José Pedro, indignado com tamanha crueldade, leva o filho para a casa do irmão em São Luís. Voltando à fazenda, flagra a mulher e o então jovem e sedutor Padre Diogo em pleno adultério. Enfurecido, José Pedro mata Quitéria e forma um pacto de cumplicidade com o Padre Diogo: esconderão a culpa um do outro. Desgraçado e doente, José Pedro refugia-se na casa do irmão. Ao se restabelecer, resolve voltar à fazenda, mas, no meio do caminho, é assassinado por ordem do Padre Diogo, que já começara a insinuar-se também na casa de Manuel Pescada.
Raimundo é bem recebido pela família do tio, com exceção da sogra de Manuel, a racista radical Dona Maria Bárbara. Estranha alguns olhares enviesados da população, mas imagina-os fruto do estranhamento causado por um forasteiro.

O sedutor advogado, como não poderia deixar de ser, logo cai nas graças de sua prima Ana Rosa que, arrebatada, declara-lhe seu amor. Raimundo corresponde à paixão da prima, mas os jovens encontram fortes obstáculos. Principalmente a oposição de Manuel Pescada, que queria a filha casada com Luís Dias, da avó Maria Bárbara, racista intransigente e do Cônego Diogo, velho amigo da casa e adversário não declarado e ardiloso de Raimundo.

Acontece que, ao contrário dos amantes, seus três grandes opositores conheciam as raízes negras de Raimundo. Aos poucos o leitor vai tomando conhecimento das origens do herói, que, no entanto, permanece ignorando tudo.

Obcecado por desvendar suas origens, Raimundo insiste em visitar a fazenda onde nascera. Após diversos adiamentos, seu tio finalmente o leva até a Fazenda São Brás. No caminho, o mulato começa a obter as primeiras informações sobre o passado trágico de seus pais. Ao pedir ao tio a mão de Ana Rosa em casamento, vê-se recusado. Perplexo, Raimundo acaba descobrindo que a recusa se deve a suas origens negras. Na fazenda, Raimundo é abordado, à noite, por uma velha negra de aspecto fantasmagórico, que o quer abraçar. Assustado, por pouco não mata a estranha aparição. No caminho de volta a São Luís, descobre que se tratava de sua mãe, Domingas.

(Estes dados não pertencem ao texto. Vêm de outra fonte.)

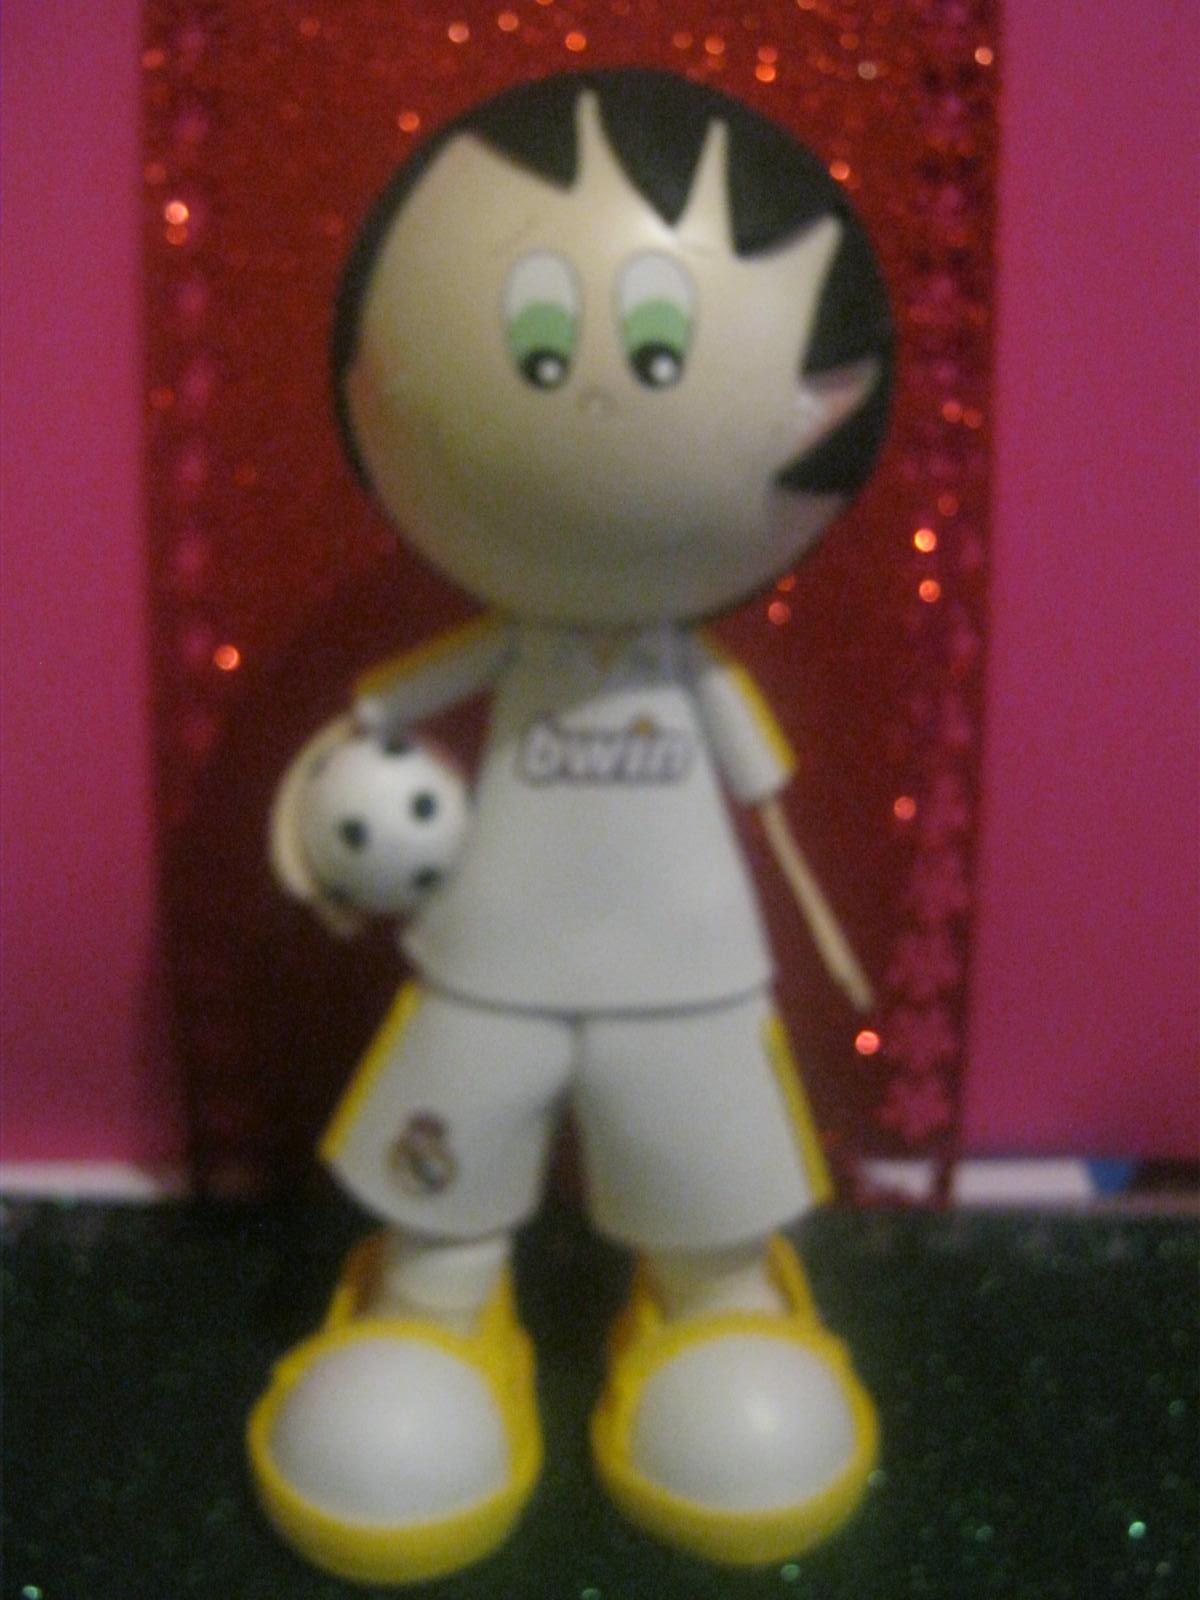 http://3.bp.blogspot.com/-Fk9oiakbPfA/UJtWvtR0heI/AAAAAAAAHqU/UN_HLz21Hik/s1600/mu%C3%B1eco+3d+doll+Fofucho+foamy+gomaeva+cristiano+ronaldo+real+madrid+fc+Artfoamicol+manualidades+hancraft+craft+patrones+balo+oro+moldes+futbolistas+2013+colombianos+0.JPG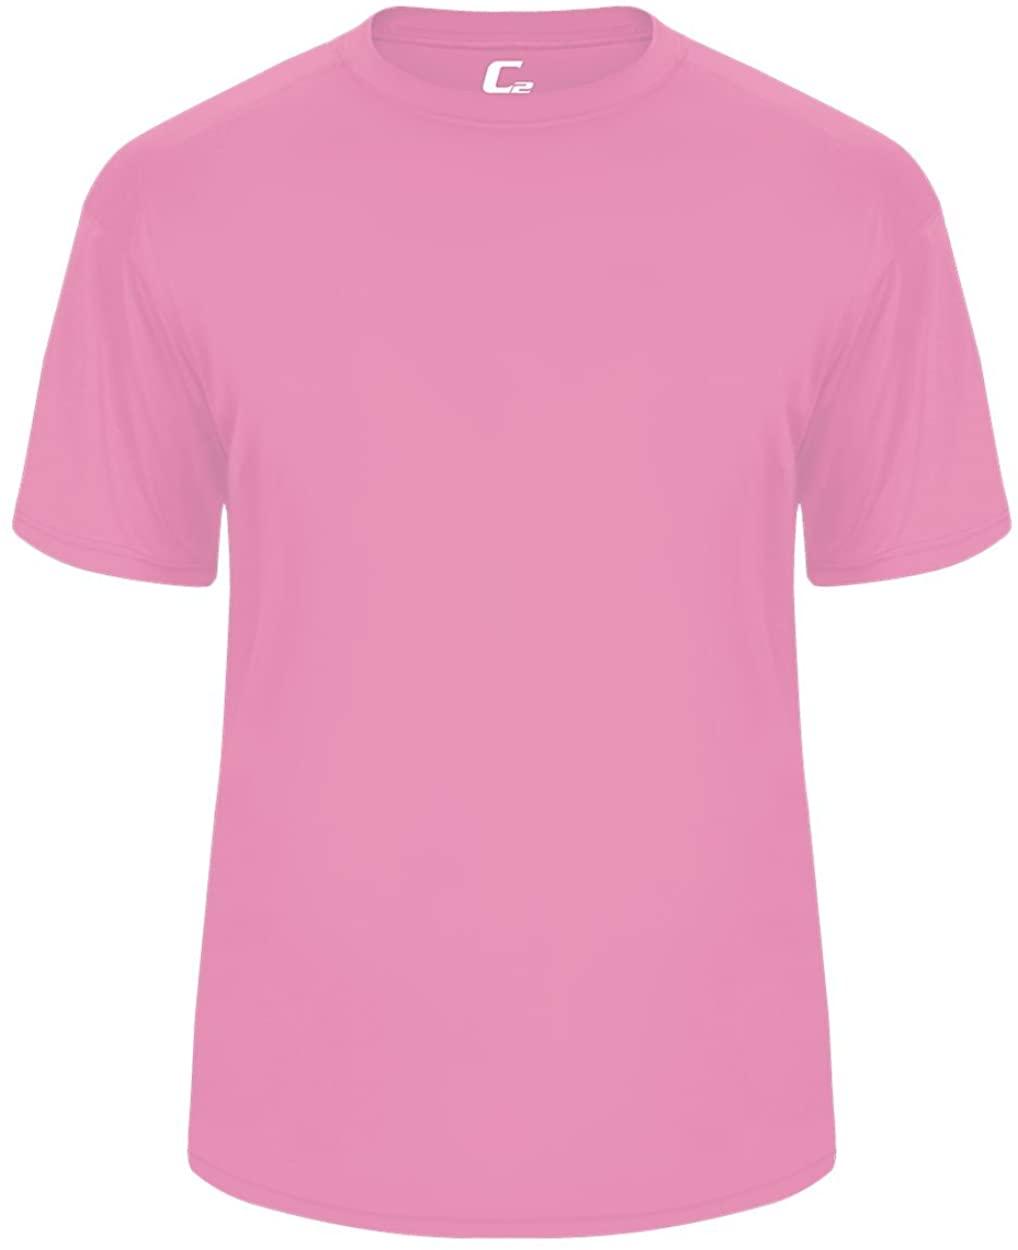 Pink Youth Large Short Sleeve Performance Wicking Athletic Sports Shirt/Undershirt/Jersey

Ao retornar à capital do Maranhão, Raimundo resolve voltar para o Rio de Janeiro. Não suporta mais viver com o tio e muda-se de sua casa, enquanto prepara-se para viajar. Pouco antes do embarque, manda uma carta a Ana Rosa confessando seu amor. O amor pela prima o impede de partir. Os amantes se encontram e Ana Rosa acaba engravidando. Contra tudo e contra todos, armam um plano de fuga. No entanto, o Cônego Diogo usa das confissões de Ana Rosa e da colaboração subserviente do caixeiro Dias, que intercepta as cartas do casal, para, ardilosamente, impedir a concretização da fuga. No momento em que planejavam partir, os amantes são surpreendidos. O Cônego Diogo orquestra o escândalo e finge-se de protetor do casal. Raimundo volta para casa atordoado e, ao abrir a porta de casa, é atingido nas costas por um tiro disparado por Luís Dias, com uma pistola que lhe emprestara o Cônego Diogo.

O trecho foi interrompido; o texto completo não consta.